**Work instructions**: Every line below must come back exactly as it stands, with the images omitted.
───── Provided material ─────
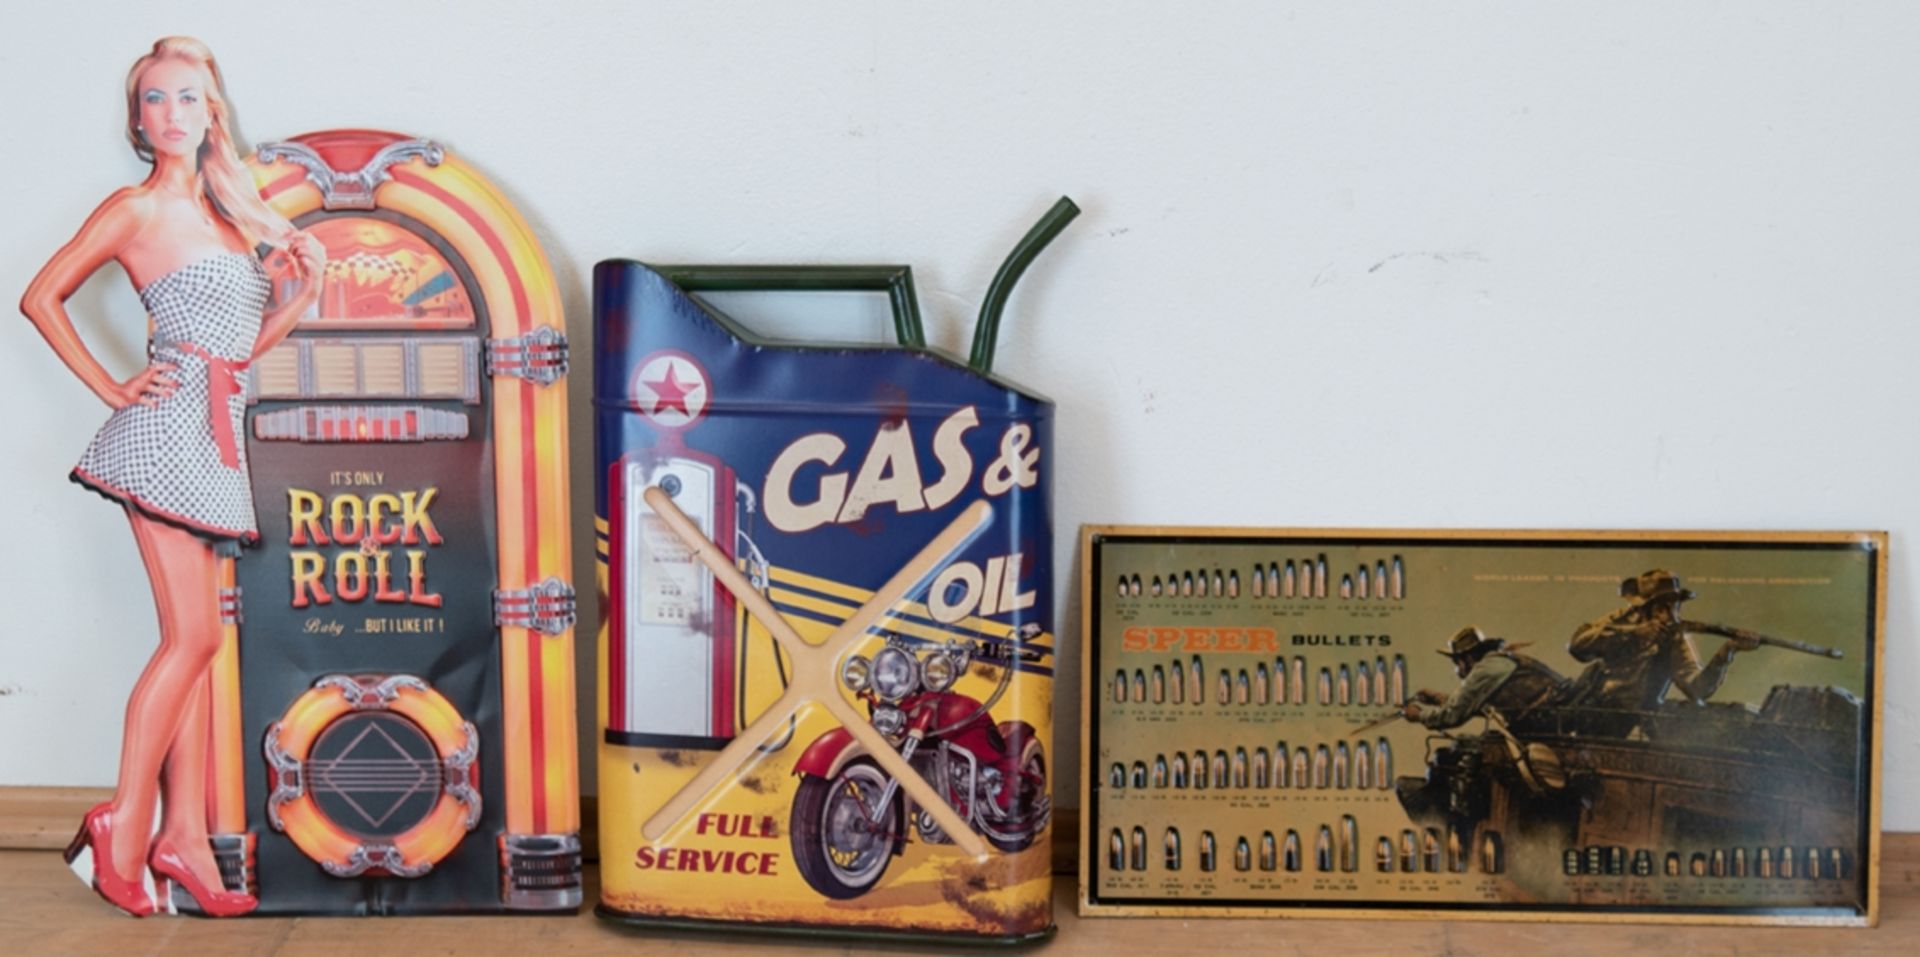 3 Reklameschilder, dabei "Speer Bullets", Blech, 26,5x54 cm, mit 4 Befestigungslöcher, "Gas &Oil-Fu
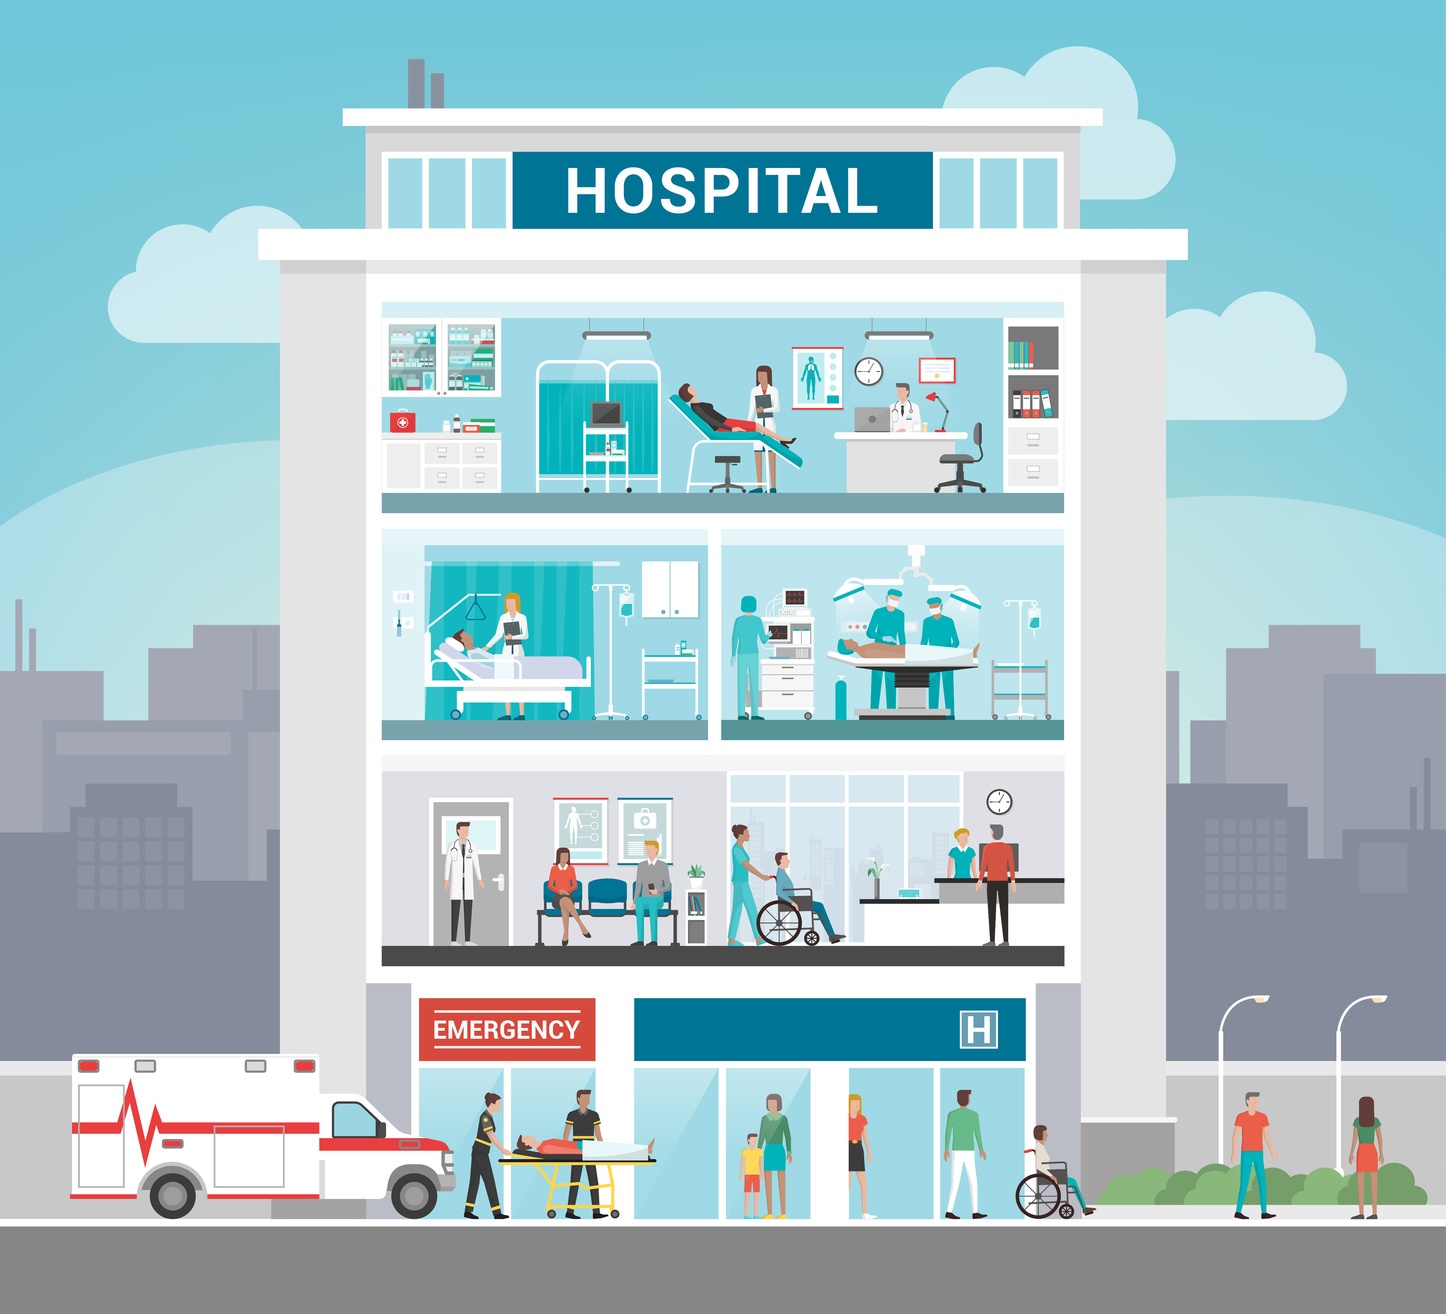 Cartoon image of hospital building
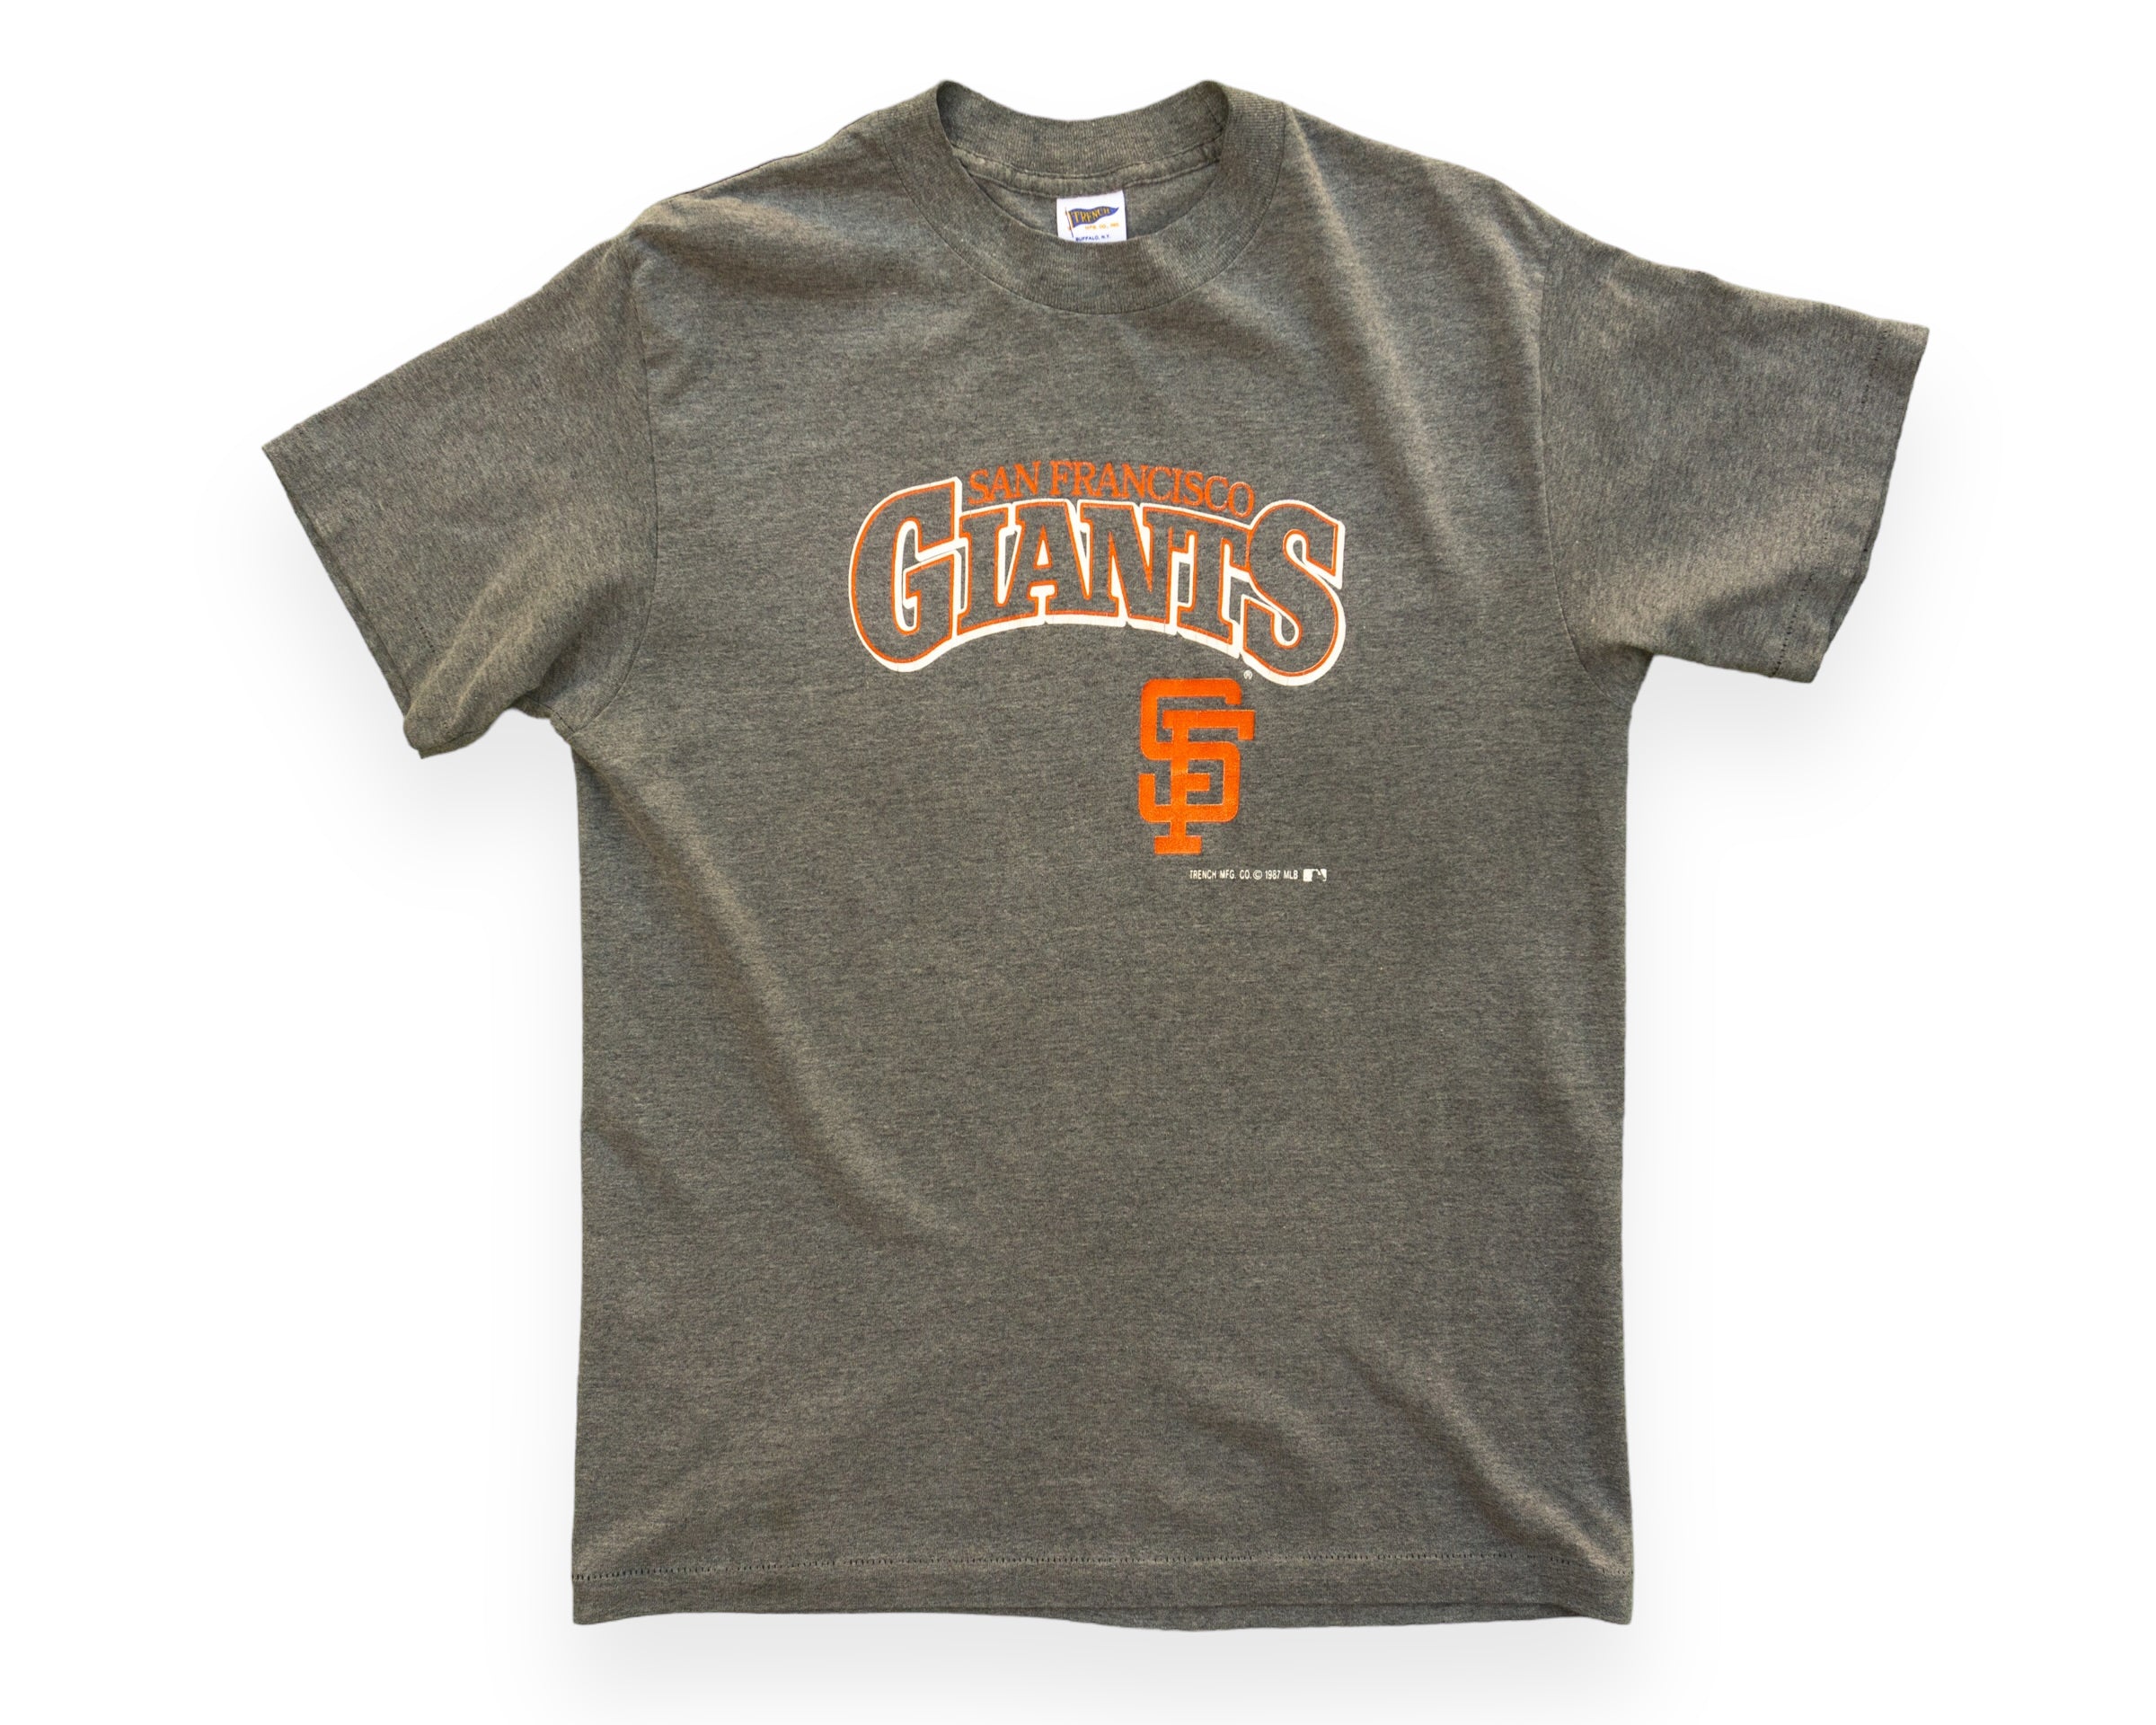 1987 vintage San Francisco Giants t-shirt.
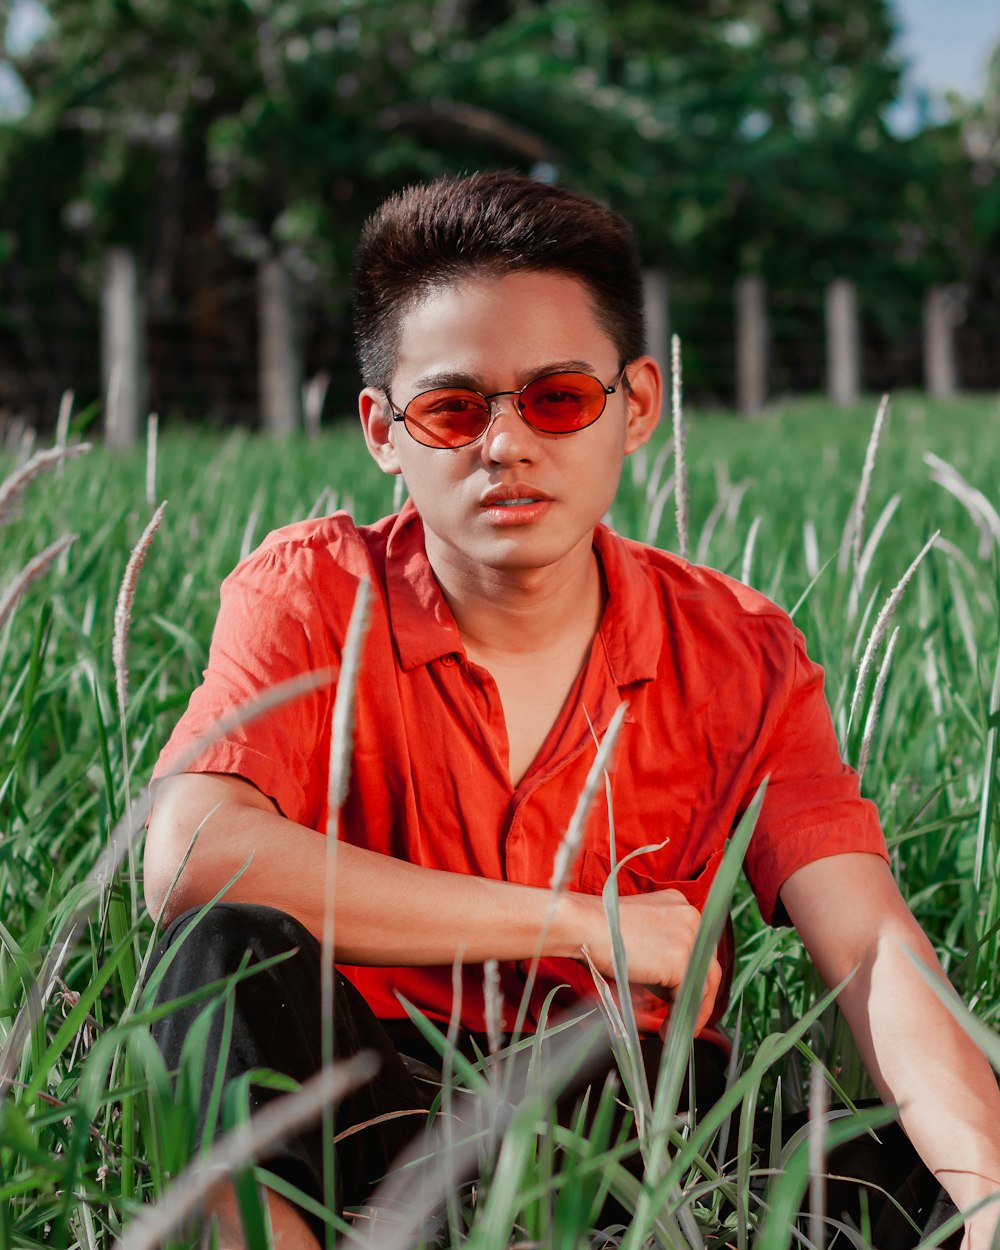 man wearing red dress shirt and sunglasses sitting on grass
─────
**Final answer**:
 3 Reklameschilder, dabei "Speer Bullets", Blech, 26,5x54 cm, mit 4 Befestigungslöcher, "Gas &Oil-Fu
 Cartoon image of hospital building
 1987 vintage San Francisco Giants t-shirt.
 man wearing red dress shirt and sunglasses sitting on grass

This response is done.